Florentino Ameghino

    ¿Cómo un hombre sin formación académica logra transformarse en un referente de la ciencia? ¿Cómo un autodidacta llega a ser considerado una eminencia?

    La obra de Florentino Ameghino, impactante en sí misma, adquiere dimensiones espectaculares si se tiene presente tal condición: alguien que se valió de su deseo para ingresar en la historia como uno de los más grandes naturalistas, a quien una irrefrenable pasión por su tarea lo acompañó toda su vida.

    Hijo de inmigrantes italianos, el dato más aceptado es que nació el 18 de septiembre de 1854 en Luján, provincia de Buenos Aires.

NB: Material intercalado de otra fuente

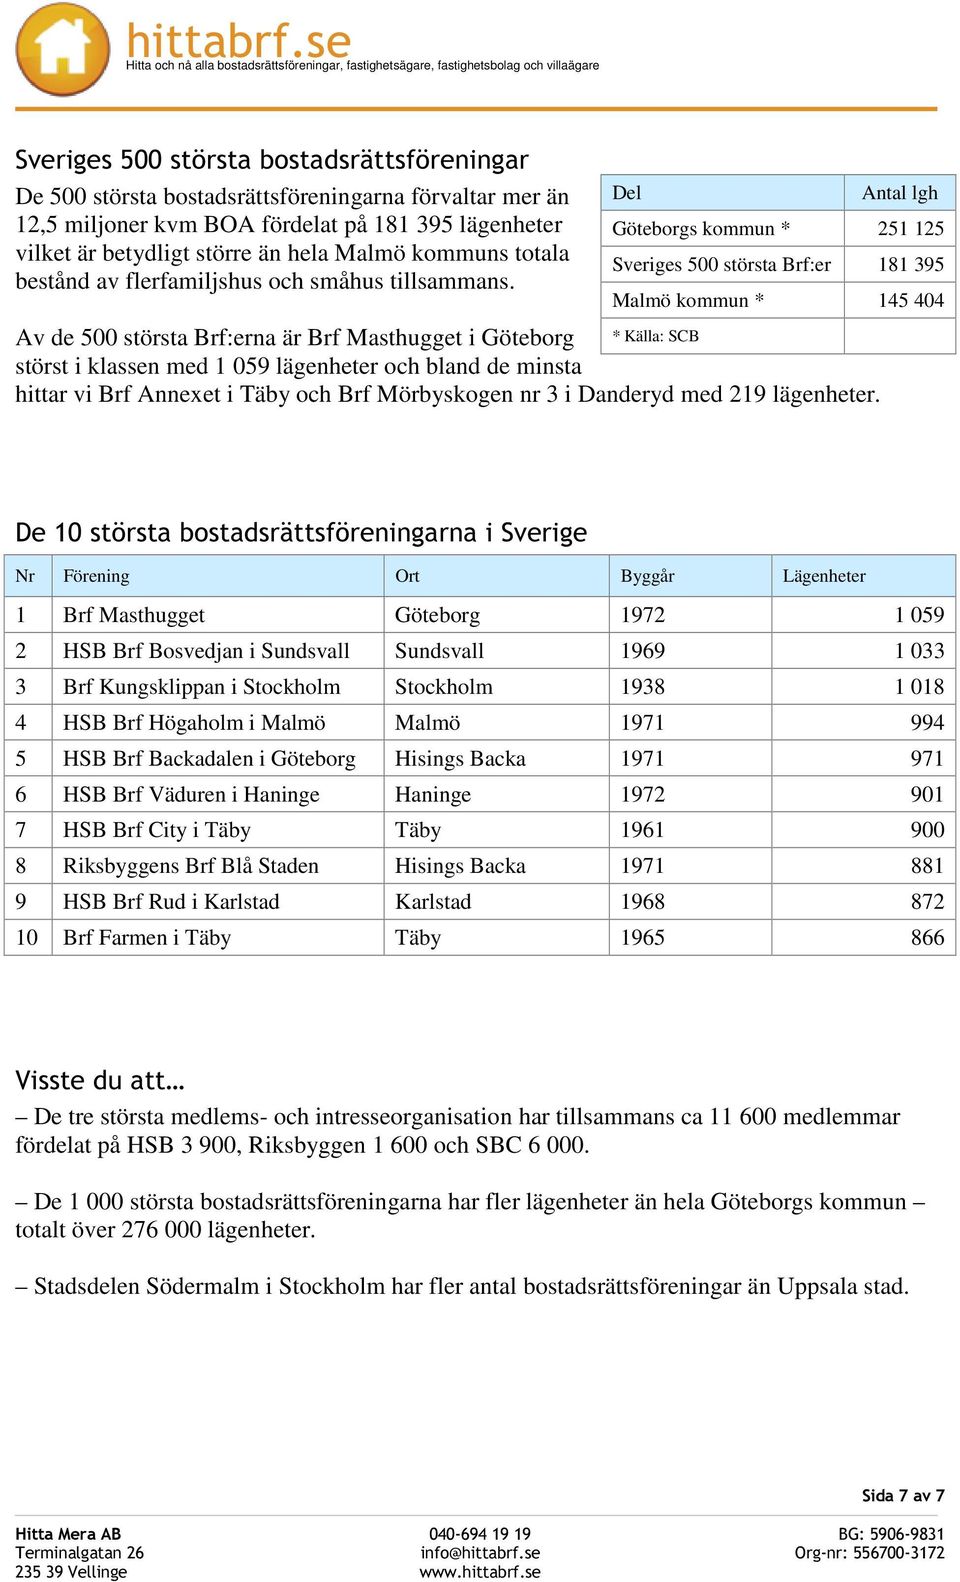 Av de 500 största Brf:erna är Brf Masthugget i Göteborg * Källa: SCB störst i klassen med 1 059 lägenheter och bland de minsta hittar vi Brf Annexet i Täby och Brf Mörbyskogen nr 3 i Danderyd med 219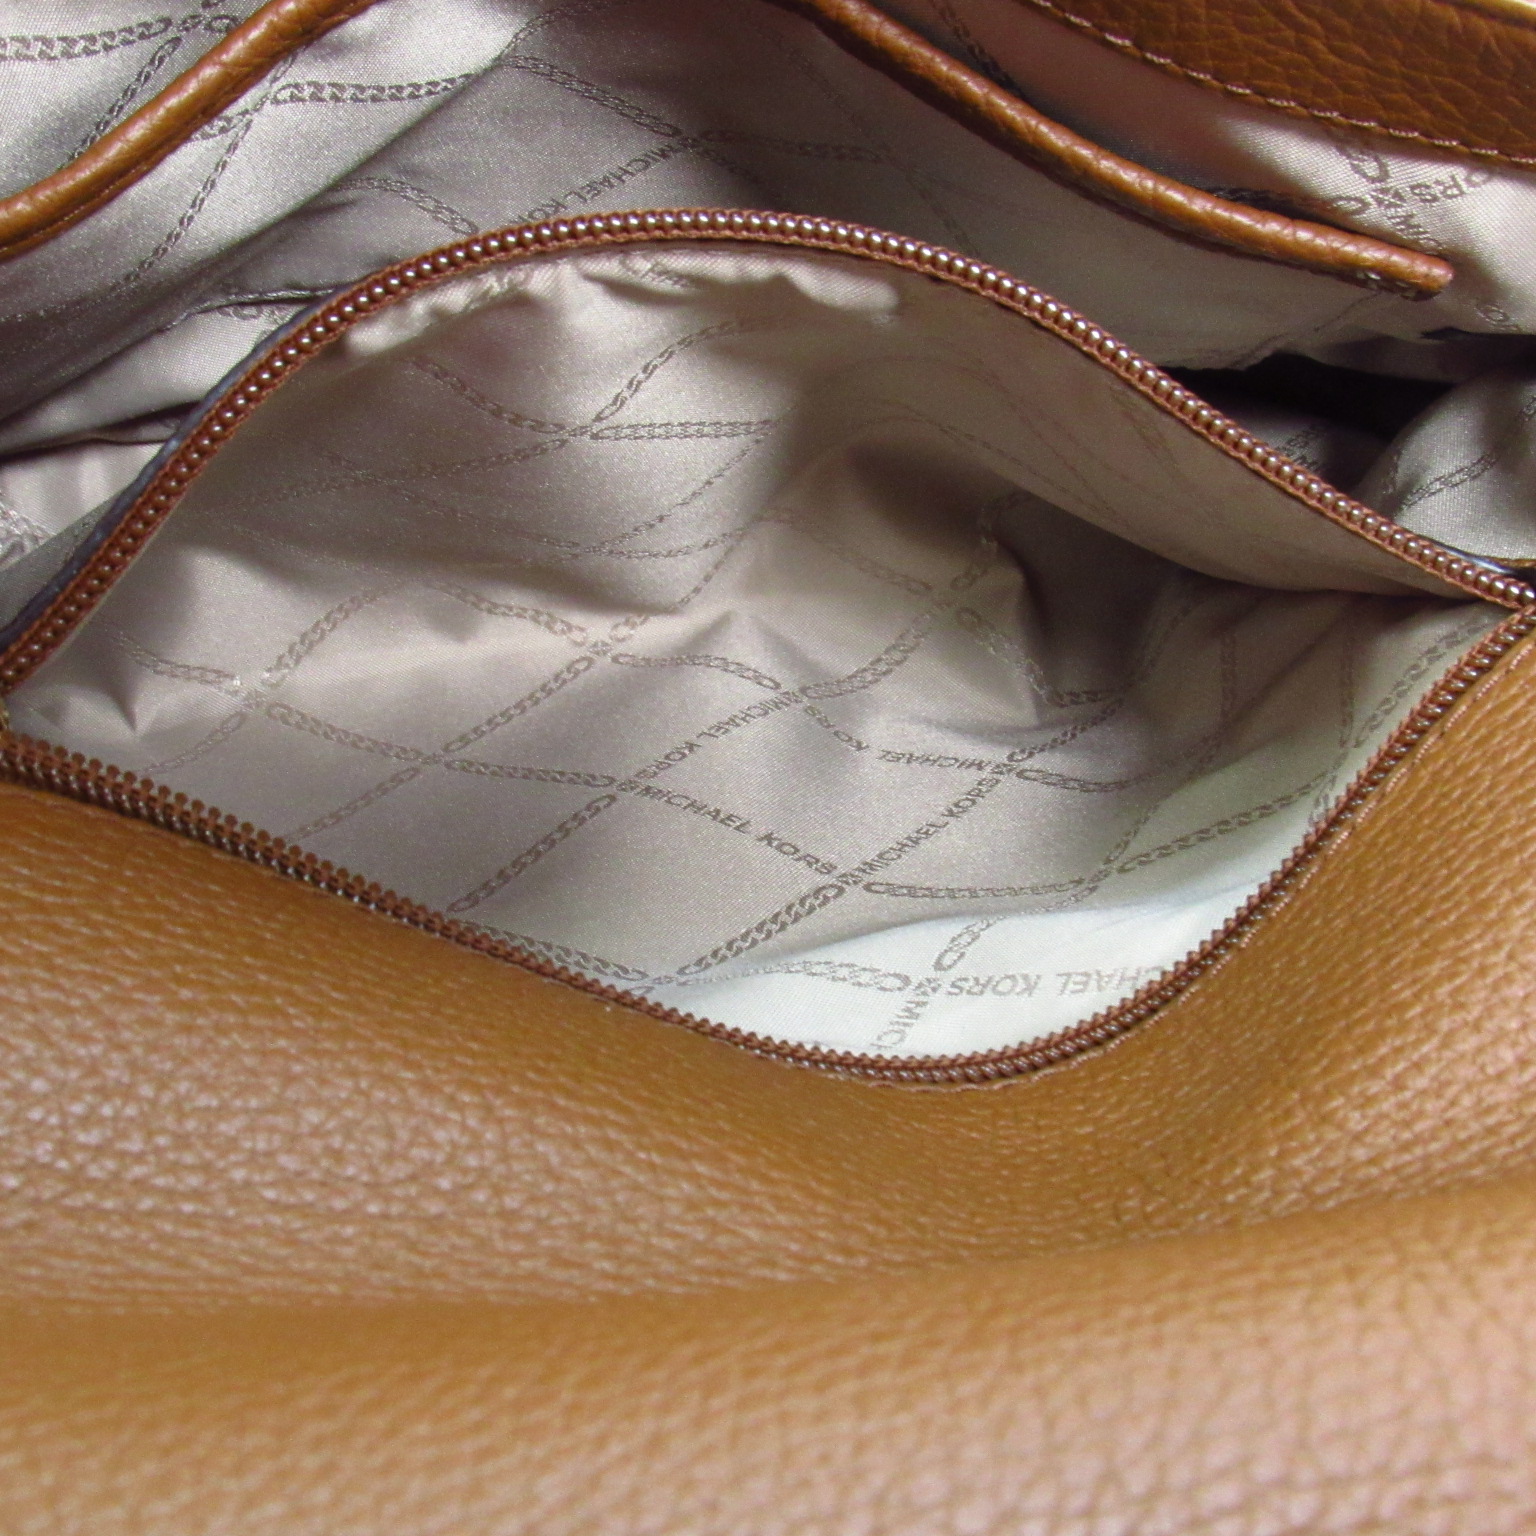 Michael Kors 30F9G06L2L Bedford Legacy Leather Pebbled Shoulder Bag - Brown

La curiosidad -ese gran motor de la ciencia- ya lo había visitado cuando el pequeño Florentino recorría las barrancas del río Luján, muchas veces junto a su padre, para observar y preguntarse por los restos fósiles que encontraba. Tal vez, ese niño ya tuviera conciencia clara de su deseo y su destino. Esa curiosidad fue la que continuó acompañándolo y ese juego infantil el disparador de una notable trayectoria como paleontólogo, cuyos aportes perduran hasta hoy.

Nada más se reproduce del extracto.